寒い季節が続きますが如何お過ごしでしょうか。
デュエマはといいますと、2022年度の締めとなる大会の大枠が発表されました。
チャンピオンズカーニバルという仮タイトルが設定されておりましたが、最強位決定戦という名称を変更されています。まぁ、参加者全員がチャンピオンだったというわけでもないので、いい名称変更かもしれません。

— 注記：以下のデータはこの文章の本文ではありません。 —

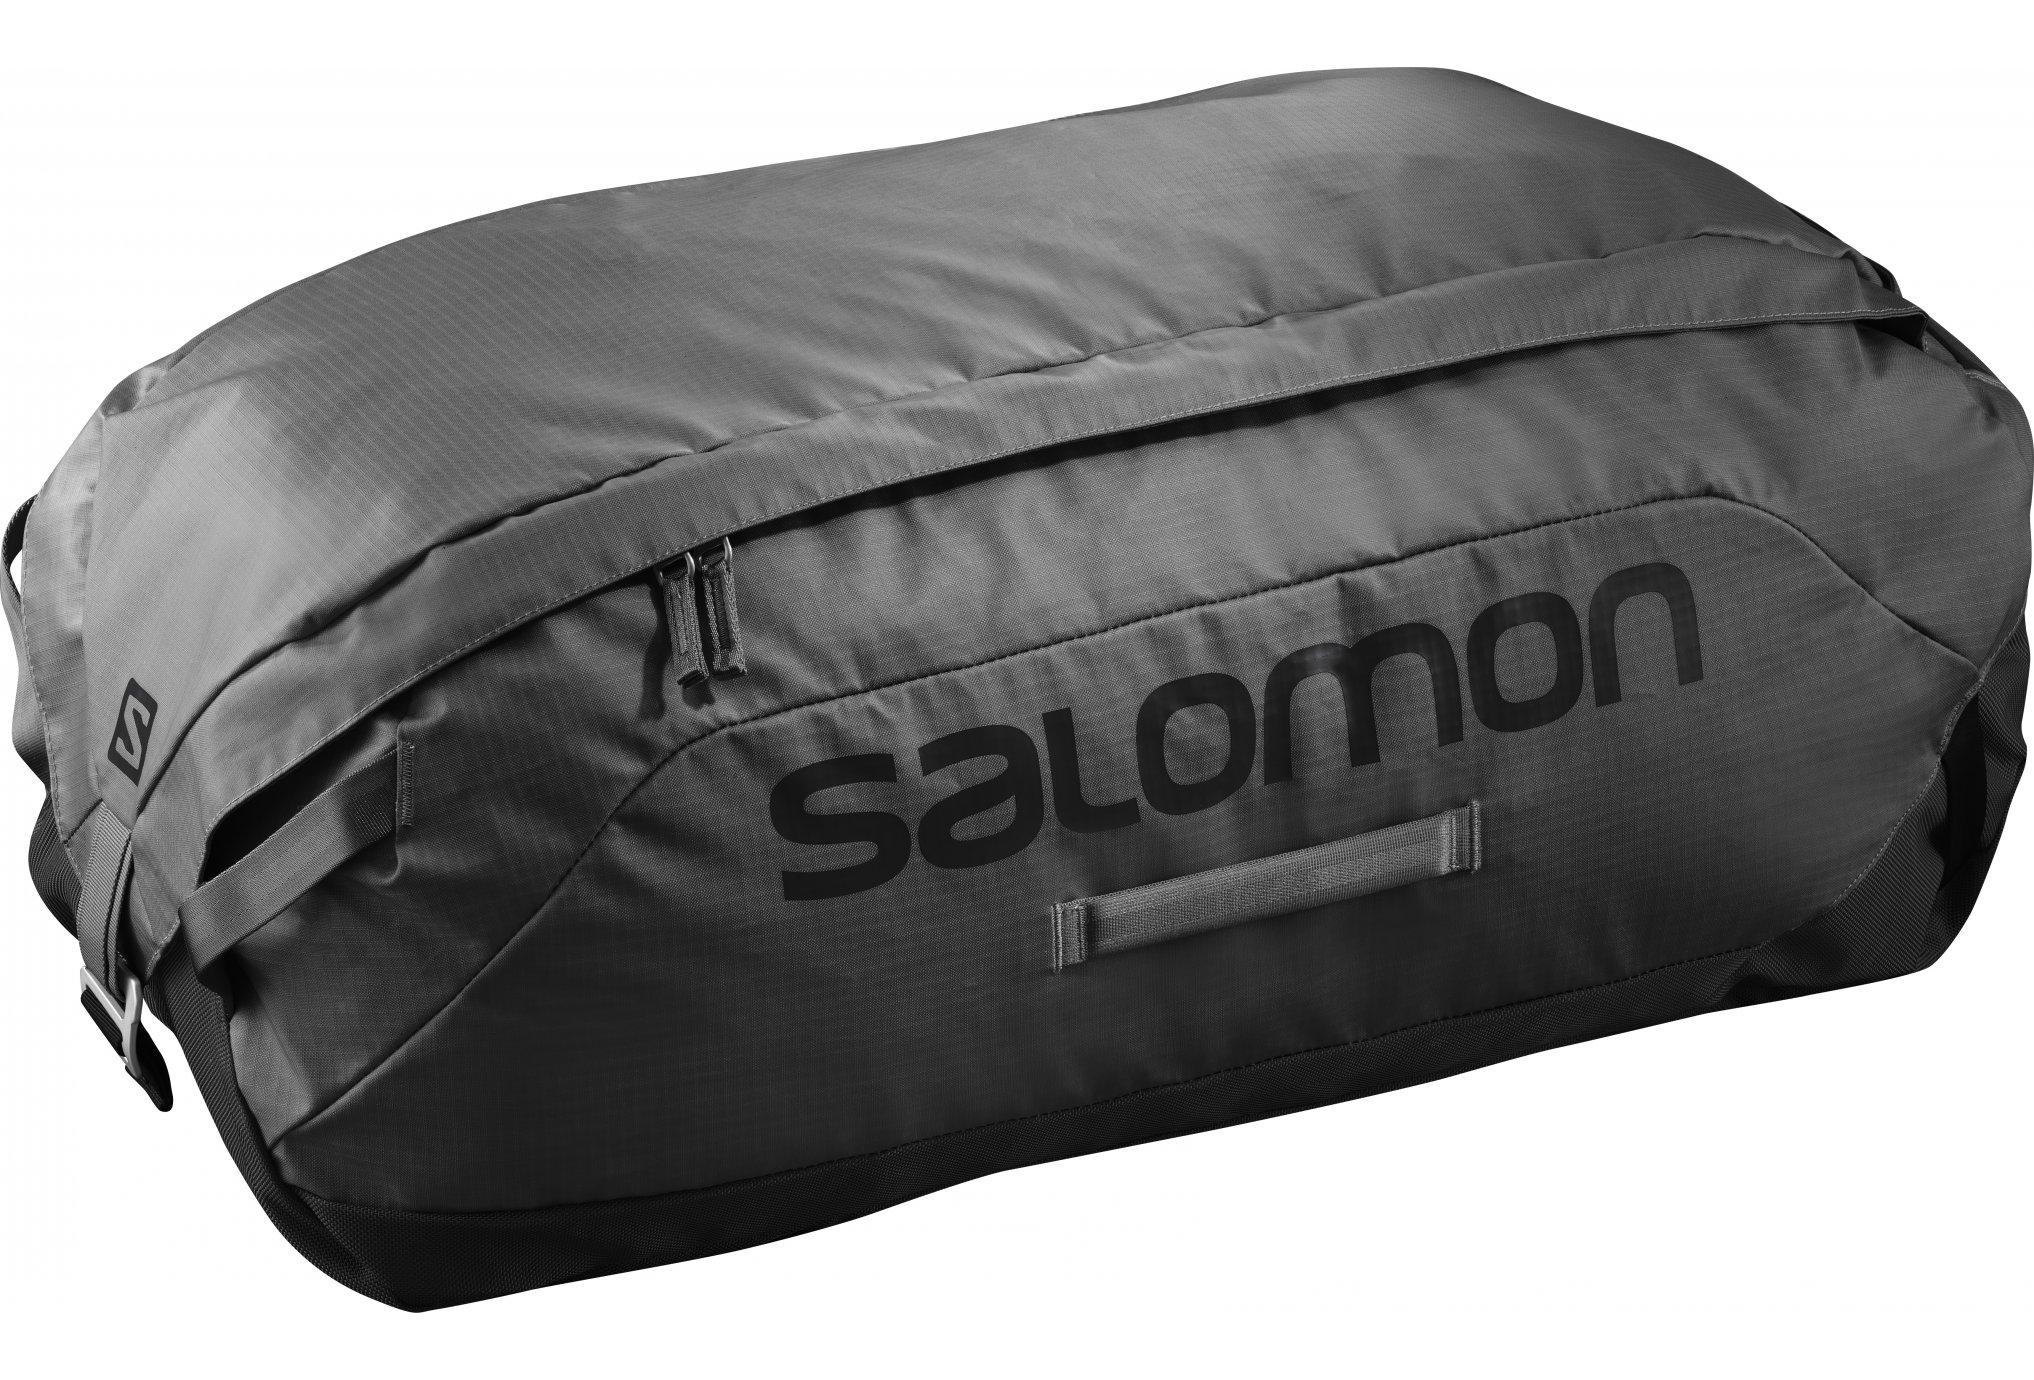 Salomon Outlife Duffel 70 Sac de sport

恐らくですが、優勝した方が最強位というタイトルを獲得出来るのでしょう。タイトル戦は翌年以降も続くかは微妙ですが、
さて、 デュエマの名試合を皆様にお届けするGreat Match of DuelMasters、略してGoD。 名勝負の世界に、皆様をご案内しましょう。
今回はGP1stより約半年ほど遡って、全国大会2014の決勝戦の試合をご紹介したいと思います。

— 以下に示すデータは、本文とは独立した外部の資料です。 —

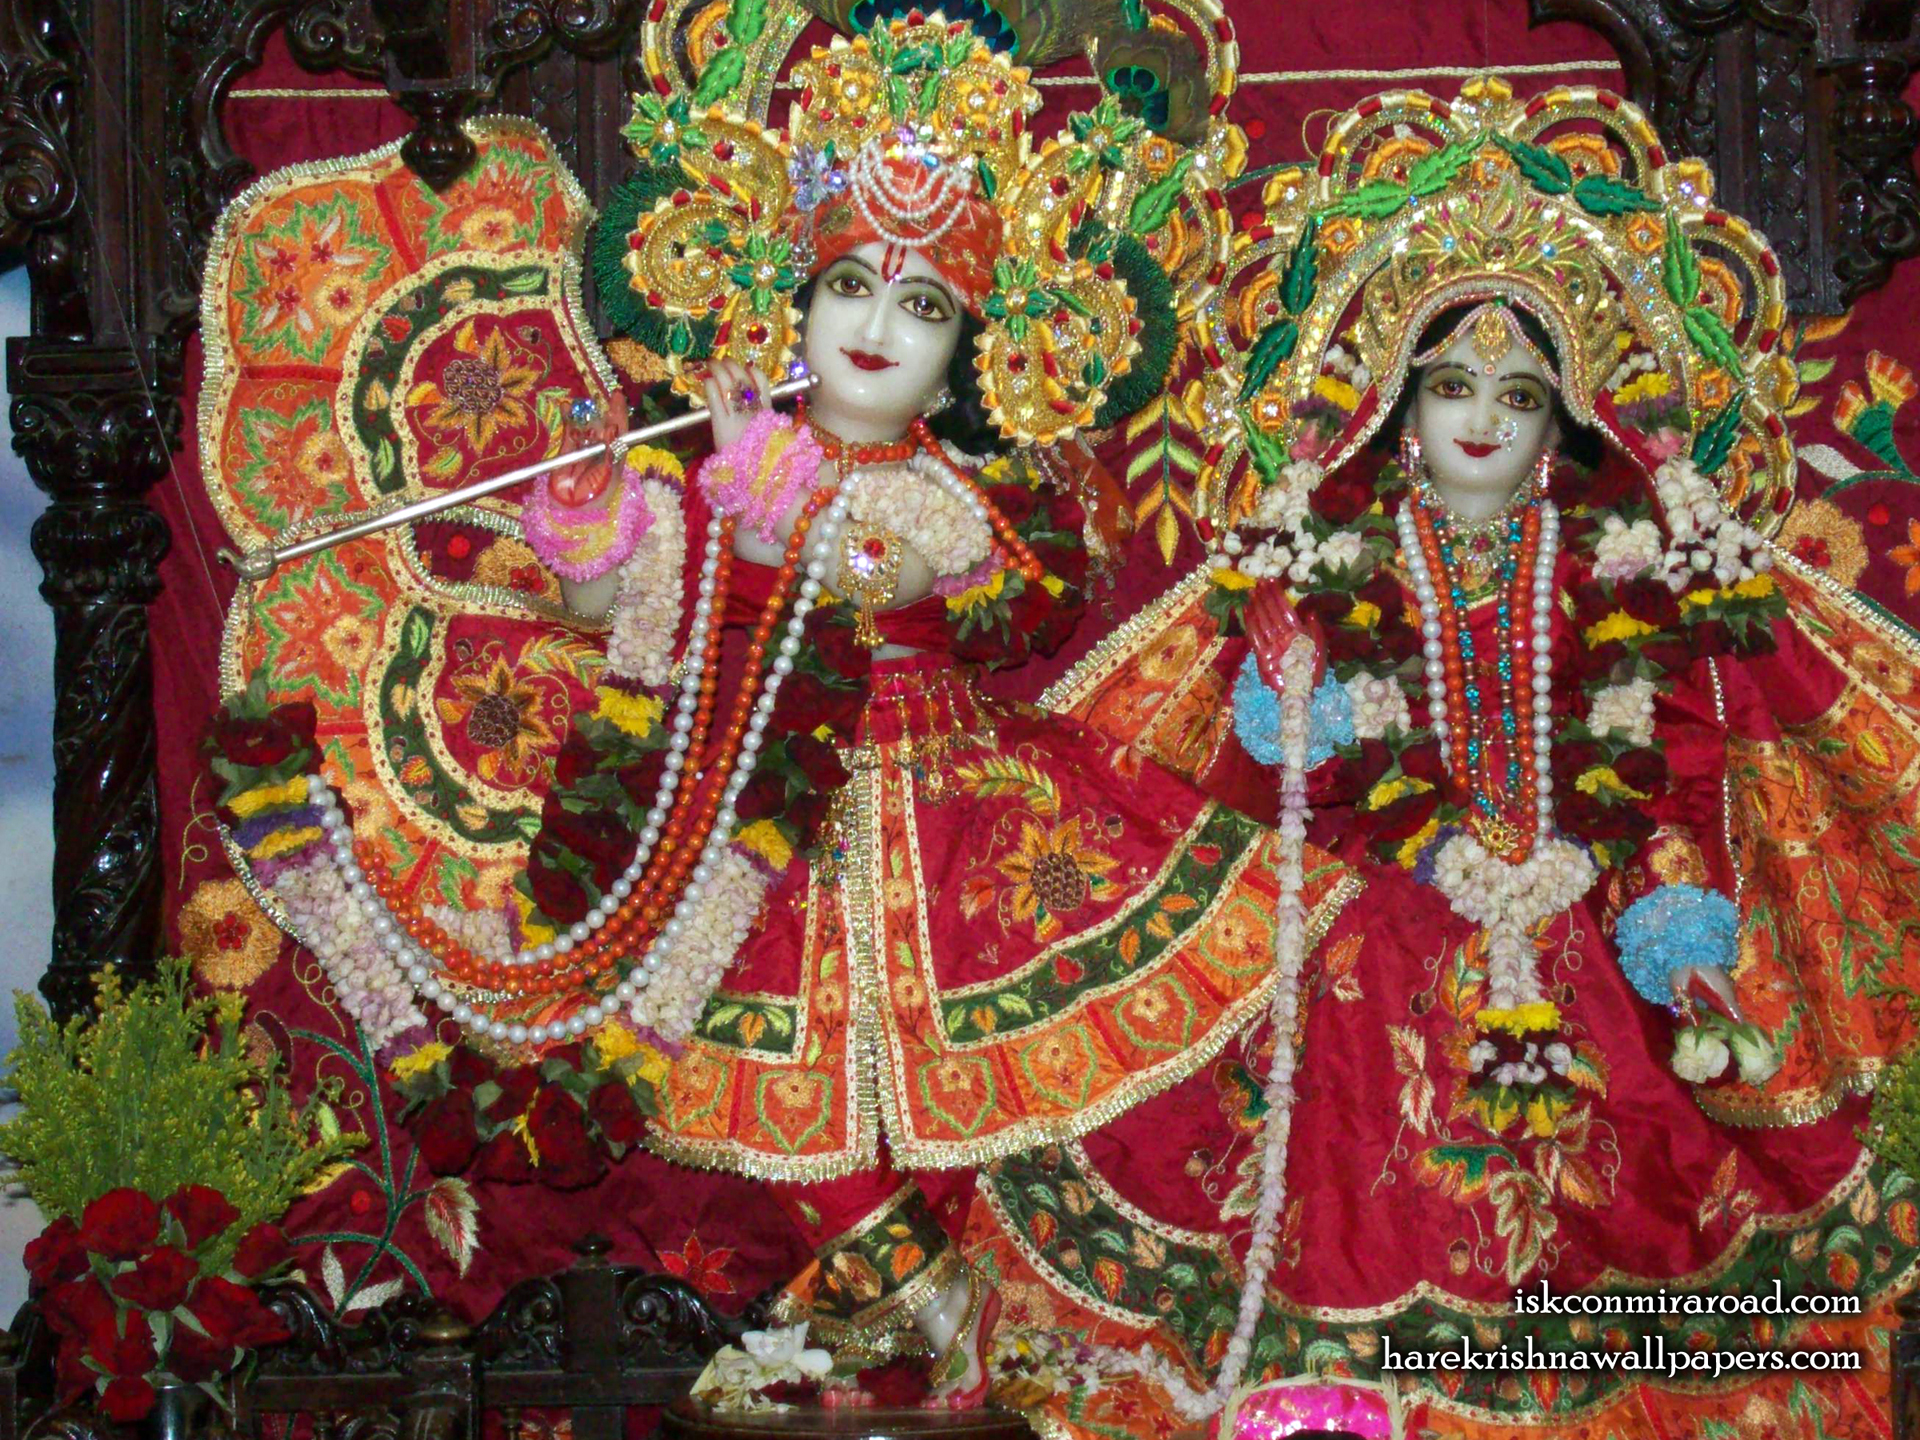 Sri Sri Radha Giridhari Wallpaper (014) Size 1920x1440 Download

この試合は私がデュエマに復帰して最初に見た「競技的なイベント」ですね。当時はカバレージもなく、また大会も現在とはかなり違う形式での開催となっておりました。
そんなこの試合の主役ですが、北陸最強のプレイヤーであるMGR選手でした。
目次
2014年度以前の全国大会
全国大会2014(デュエマ甲子園)が開催されたのは2015年1月25日。GP1stの開催が2015年8月1日なので、だいたいその半年前ですね。
当時はデュエマ競技化前夜といったところで、恐らくこの時期は半年後のGP開催に向けて内部では大変忙しかったことでしょう。

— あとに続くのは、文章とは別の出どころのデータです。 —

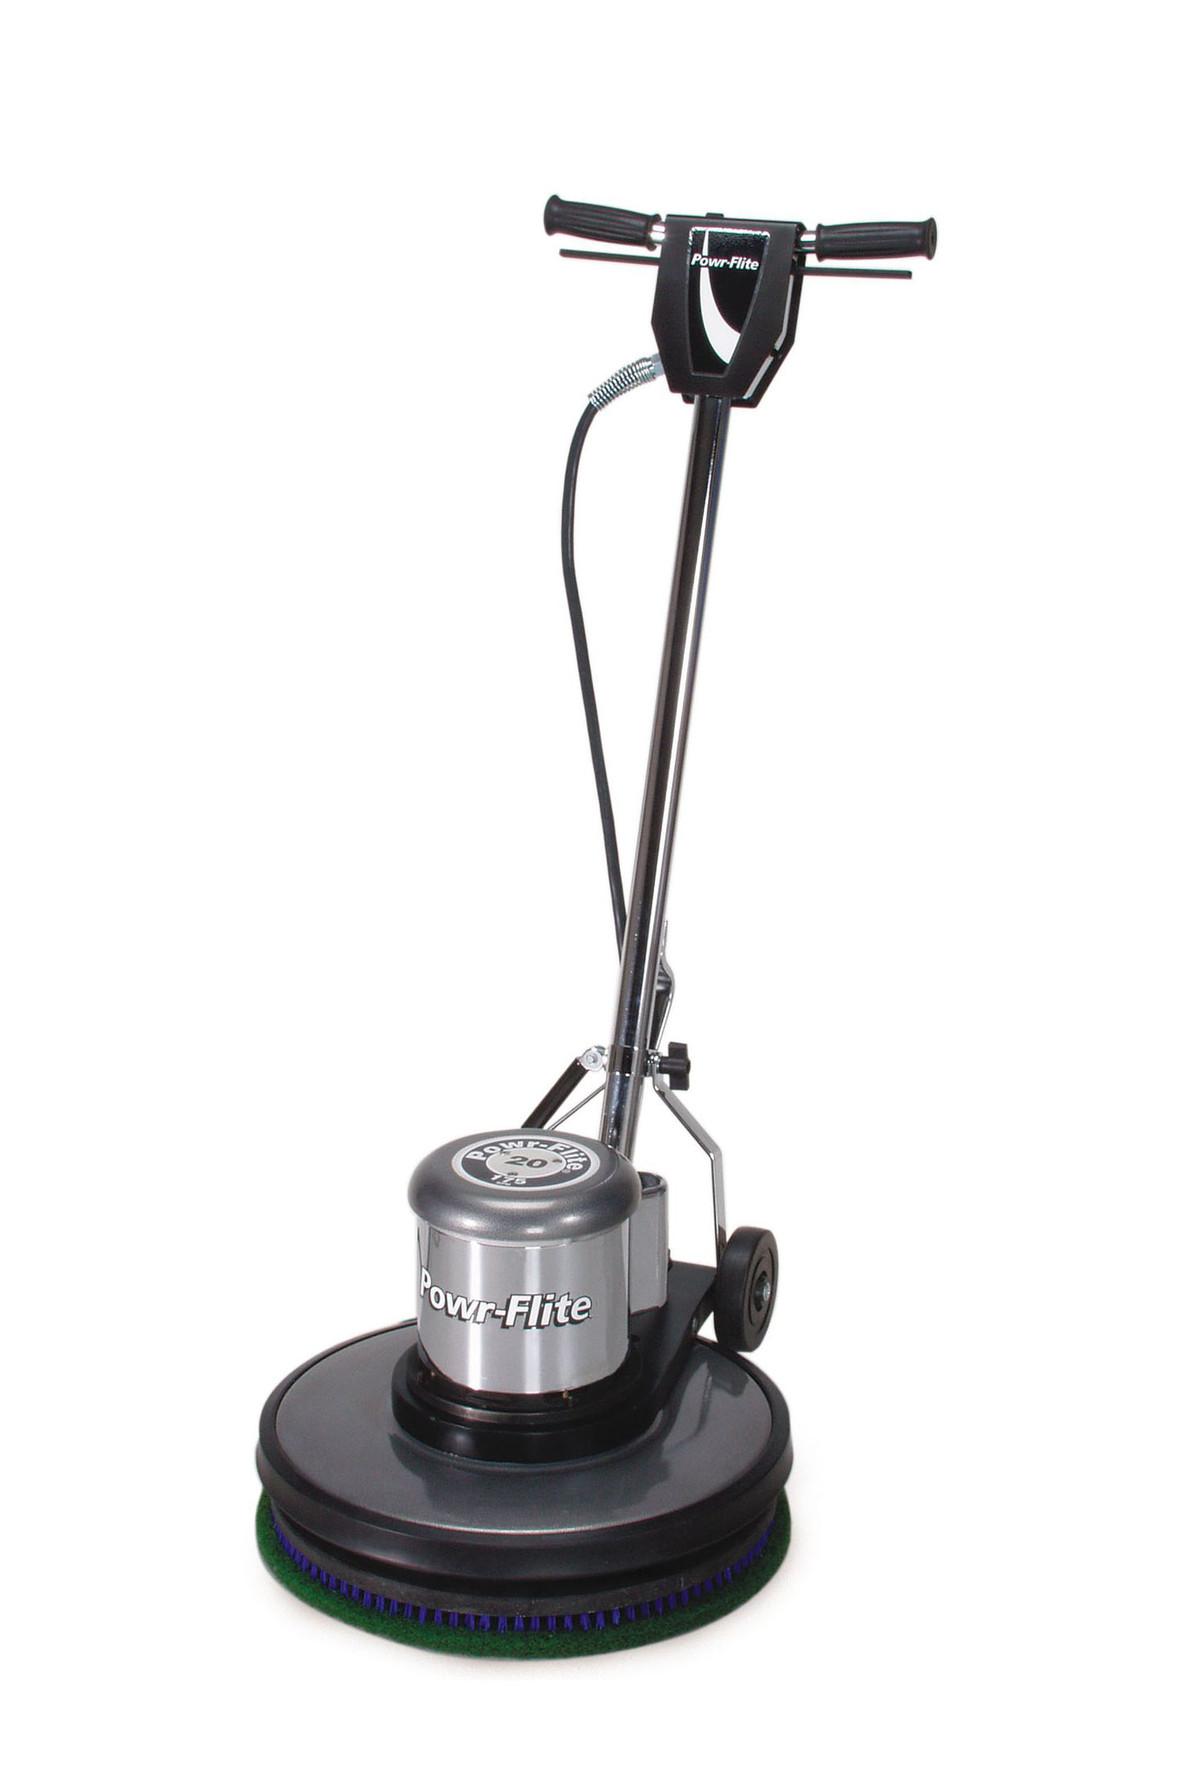 "Powr-Flite 20"" Classic Metal Floor Machine, 1.5 HP"

さて、いつの年からなのかは私もちょっと正確に把握してはいないのですが、2014年度の全国大会は次世代ワールドホビーフェア(WHF)という小学館主催のイベント会場での開催となっております。
WHFというのは、すんごい大きなイベントだと思っていただければOKです。
WHFの詳細やデュエマとの関係は本当に長くなるのでここでは省略しますが、デュエマブースの中で開催されるというのが全国大会だったんですね。
この時、全国大会に出場出来るのはエリア予選を勝ち抜いたプレイヤーのみでした。当時はGP枠もなければ、当然DMPランキング枠もありません。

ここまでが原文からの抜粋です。